Bay of Plenty Regional Council Land Management Officer Mieke Kapa says wilding pines often established themselves in native scrub.

They were a pest plant because they outgrow and shade out native vegetation and prevent native flora being able to grow and thrive.

Through the project, Waikakariki Murupara had been able to offer two men, Kerehou Merriman and Brandon Toki, employment and training in chainsaw handling and maintenance and level three-tree felling. The pair also achieved a first aid certificate.

Mitai says Waikakariki Murupara specialised in native planting restoration and he especially wanted to inspire and teach others around him to care and assist papatūānuku (mother earth) back to her original state.

“Both the recruits whakapapa back to the area, so the work we are doing is only deepening their understanding of their own whenua and where their ancestors had come from.”

Mitai says that in turn gave the workers recognition from their kaumātua and elders and knowledge to pass on to their own tamariki and mokopuna in the future.

“That’s the aim of this business, to give the current and future generations what we had when we were younger.”

Kerehou Merriman says he's grateful for his new job and the opportunities it was providing.

“I’m loving it.

“What I love the most is that I am working at home, and I’m taking care of my whenua.

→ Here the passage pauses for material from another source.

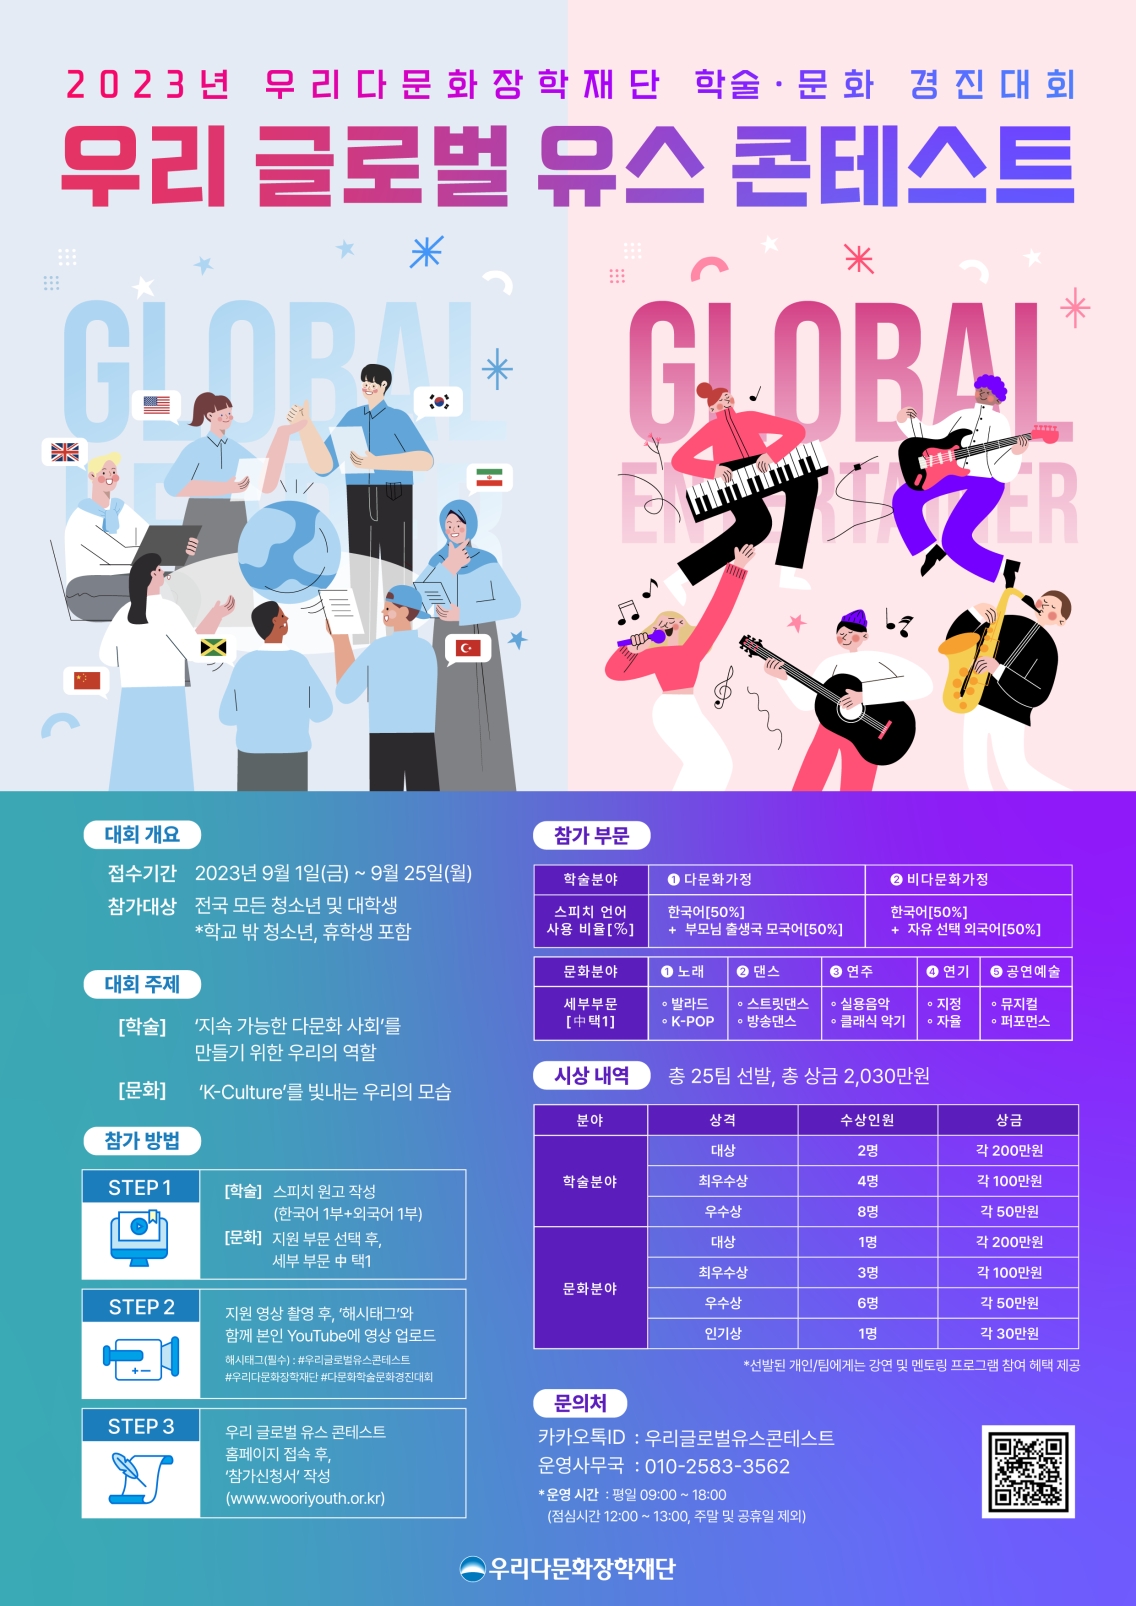 우리다문화장학재단, 글로벌 리더 발굴 위한 학술·문화 콘테스트 개최

It is not just for the sake of myself but for my family and friends and our future generations too. I’m pretty proud.”

Merriman says after his last job finished, he found himself on a downward spiral.

“I was heading down a bad road, and doing things I never thought I would do. But I was lucky enough to get a text from Ismael asking me if I wanted to join his crew, I haven’t looked back since, I love my job.”